• Work request:
The listing is to be transcribed in full, with its images left out.

• Excerpted data:
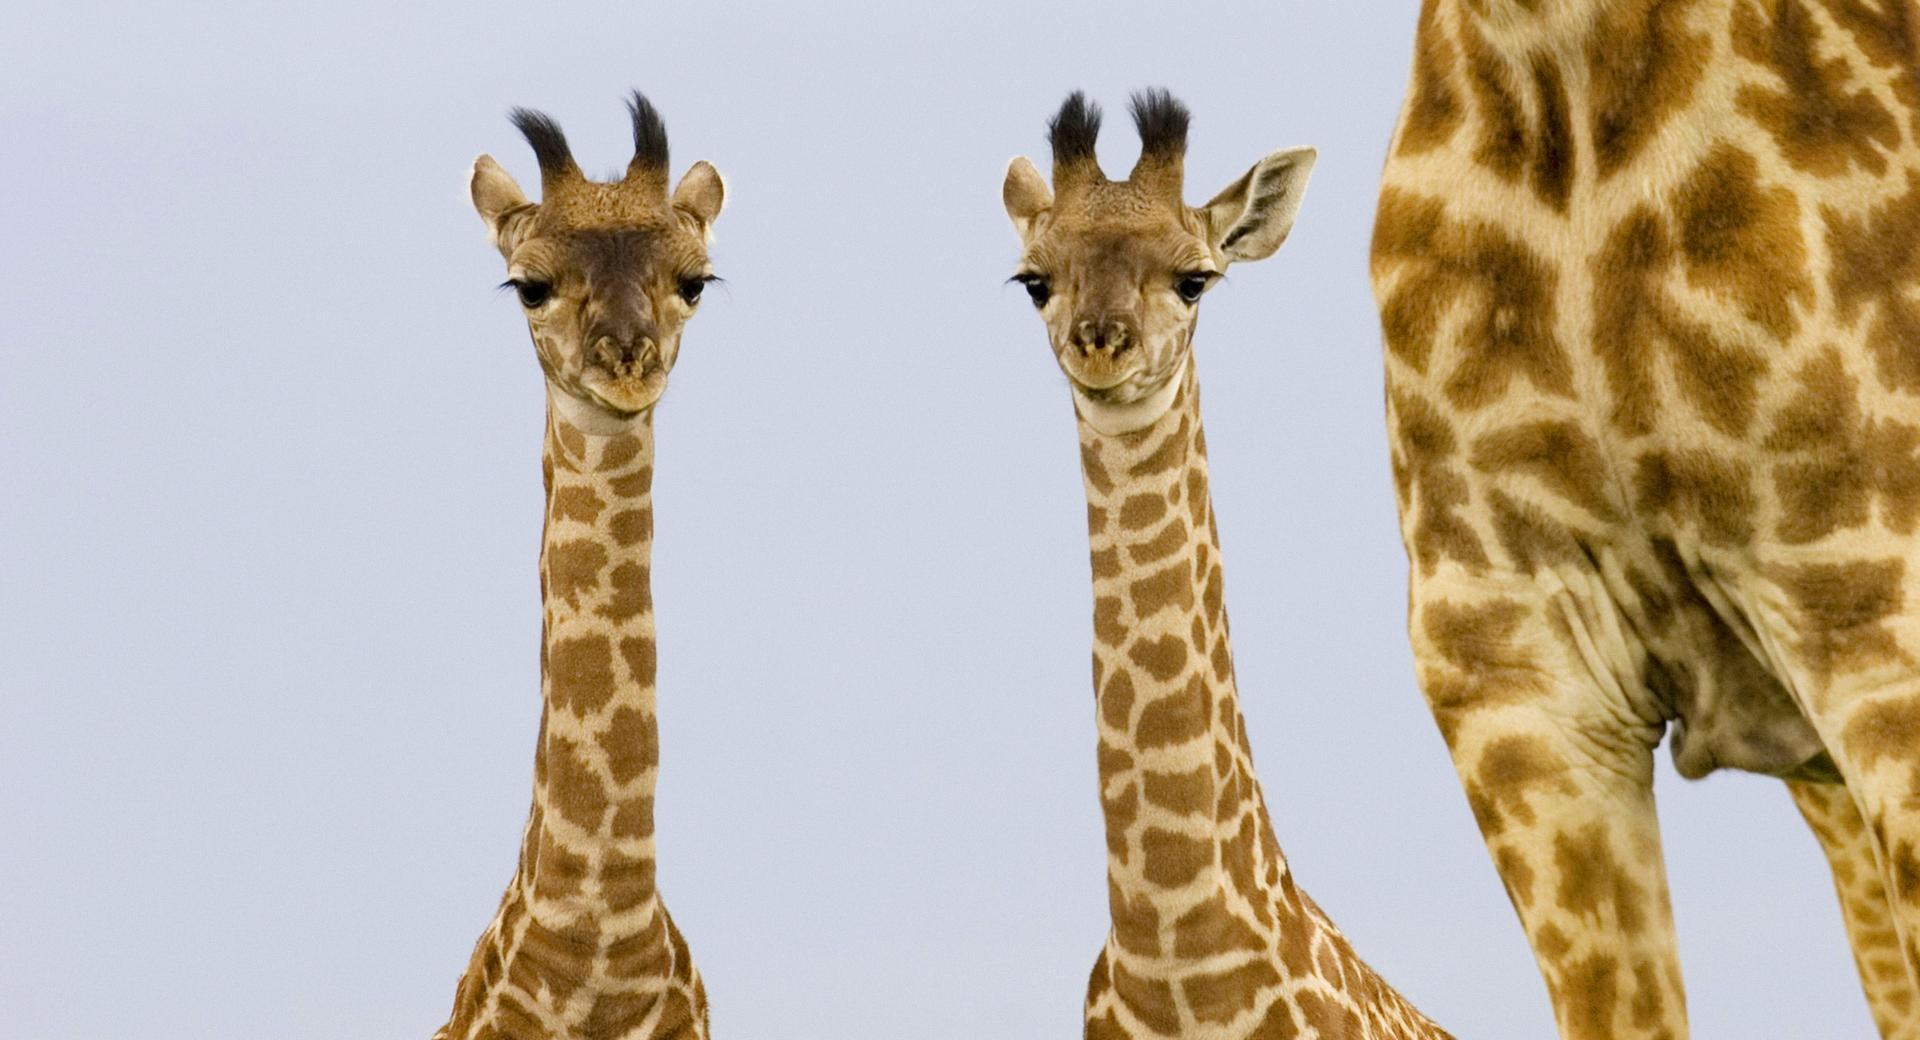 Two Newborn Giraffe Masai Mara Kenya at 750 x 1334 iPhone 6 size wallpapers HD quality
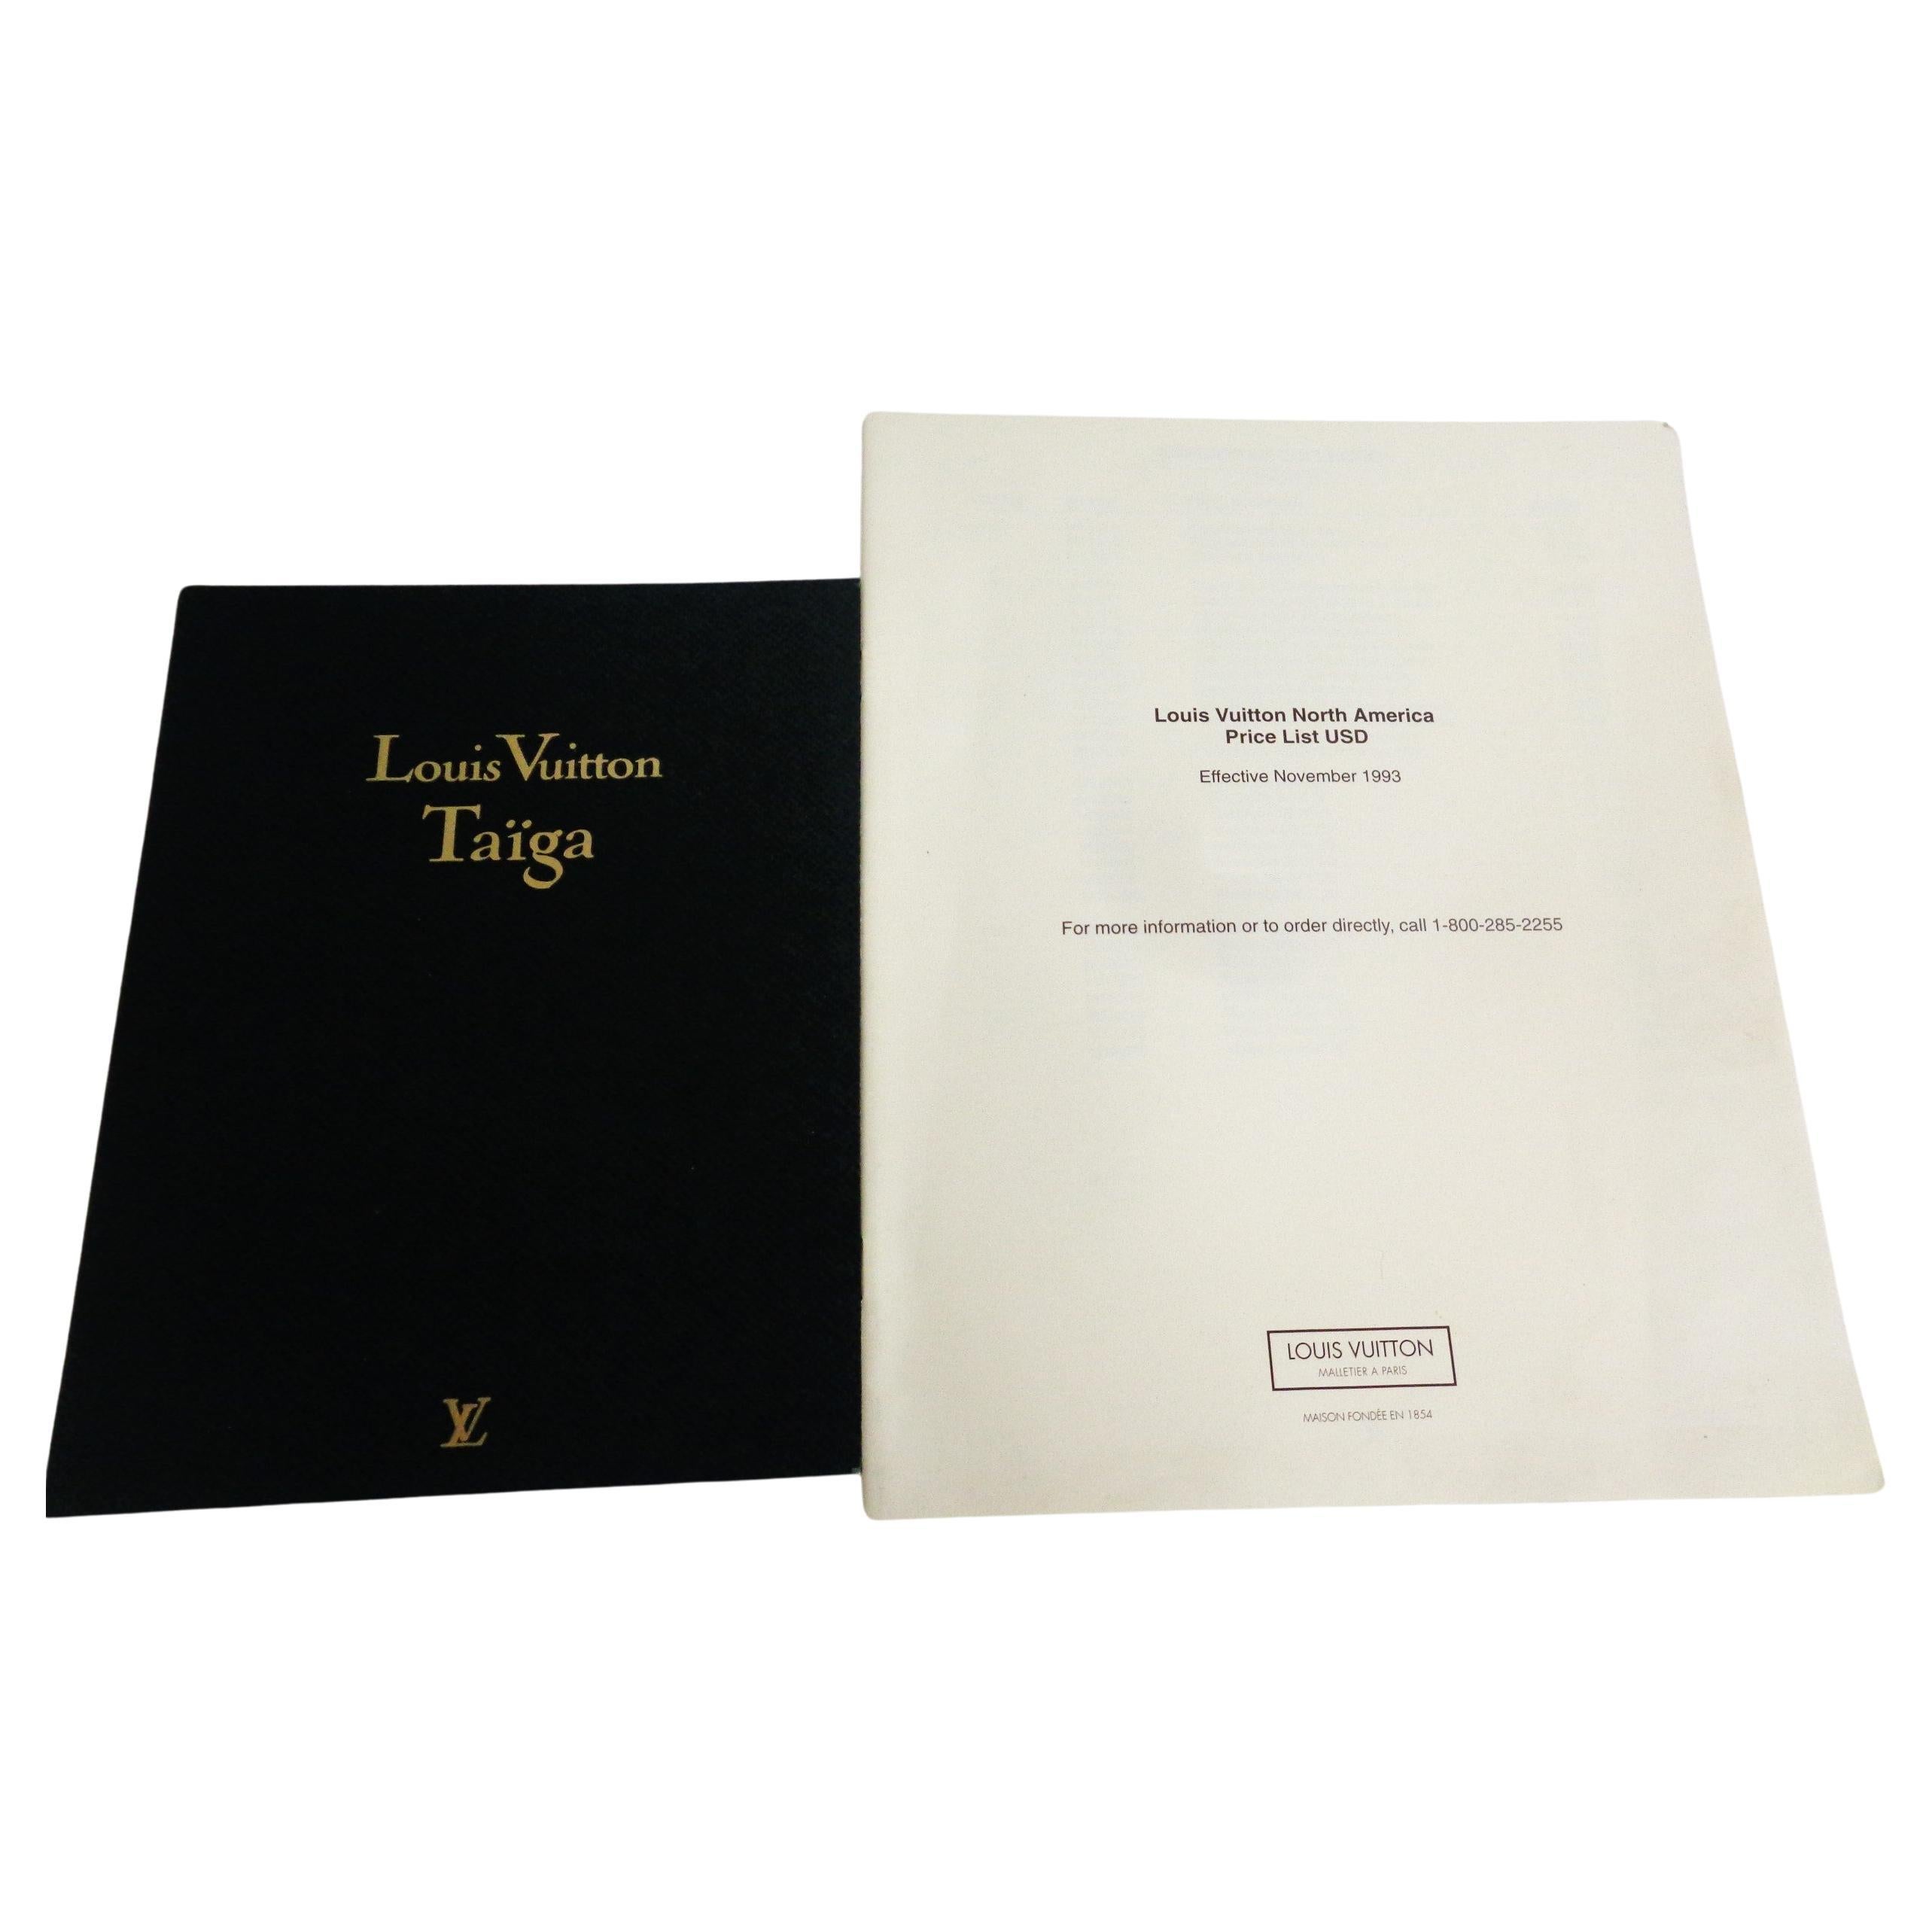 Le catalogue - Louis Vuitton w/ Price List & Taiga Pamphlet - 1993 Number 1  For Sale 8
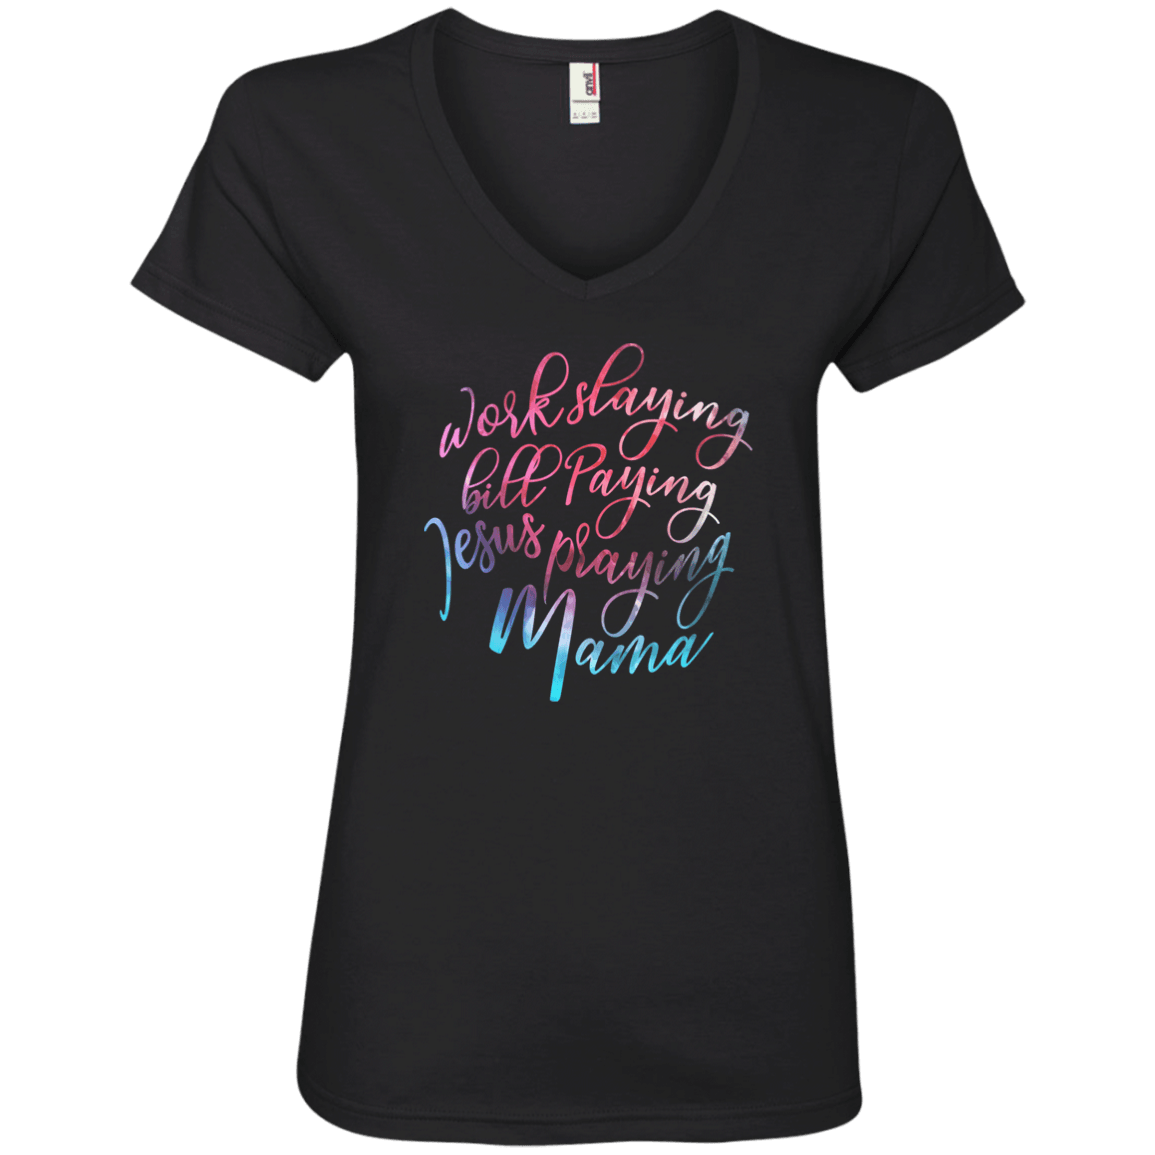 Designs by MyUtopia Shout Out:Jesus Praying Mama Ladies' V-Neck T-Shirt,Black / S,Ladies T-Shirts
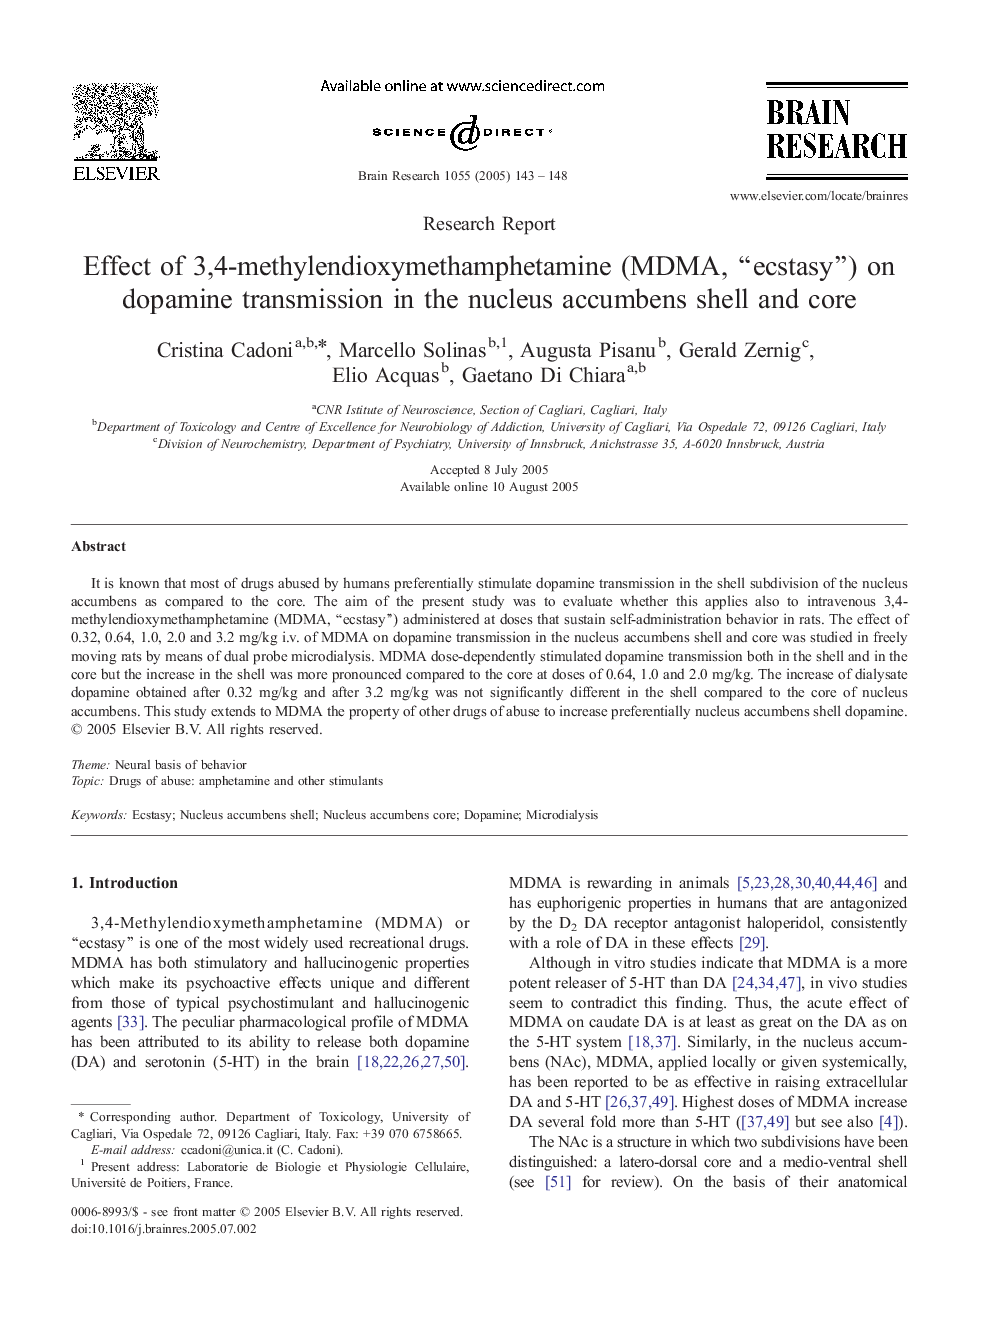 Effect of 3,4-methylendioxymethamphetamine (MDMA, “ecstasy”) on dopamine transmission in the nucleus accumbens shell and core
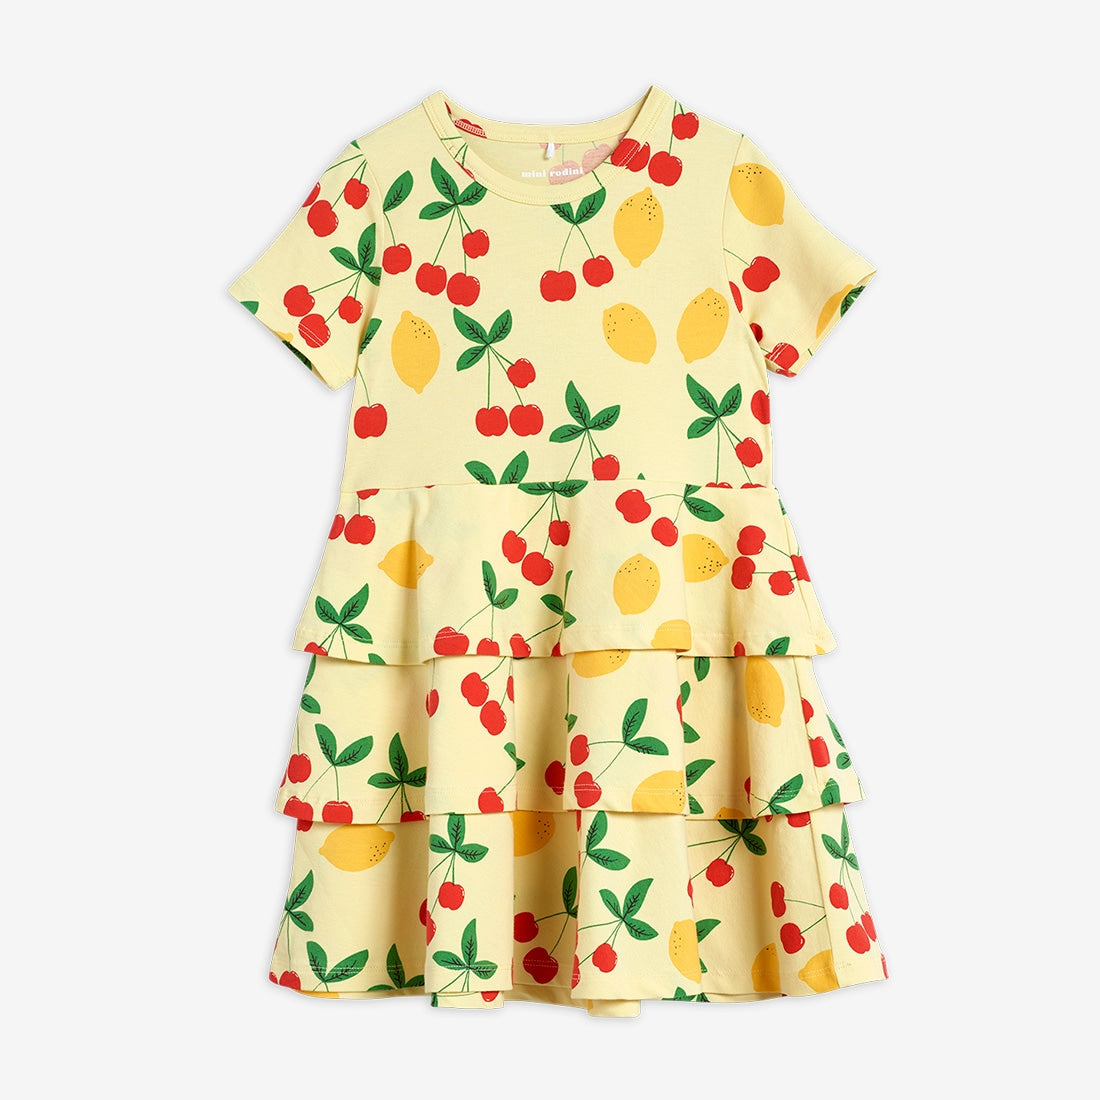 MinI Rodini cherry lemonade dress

• Answer section:
 Two Newborn Giraffe Masai Mara Kenya at 750 x 1334 iPhone 6 size wallpapers HD quality
 Le catalogue - Louis Vuitton w/ Price List & Taiga Pamphlet - 1993 Number 1  For Sale 8
 Designs by MyUtopia Shout Out:Jesus Praying Mama Ladies' V-Neck T-Shirt,Black / S,Ladies T-Shirts
 Effect of 3,4-methylendioxymethamphetamine (MDMA, “ecstasy”) on dopamine transmission in the nucleus accumbens shell and core
 MinI Rodini cherry lemonade dress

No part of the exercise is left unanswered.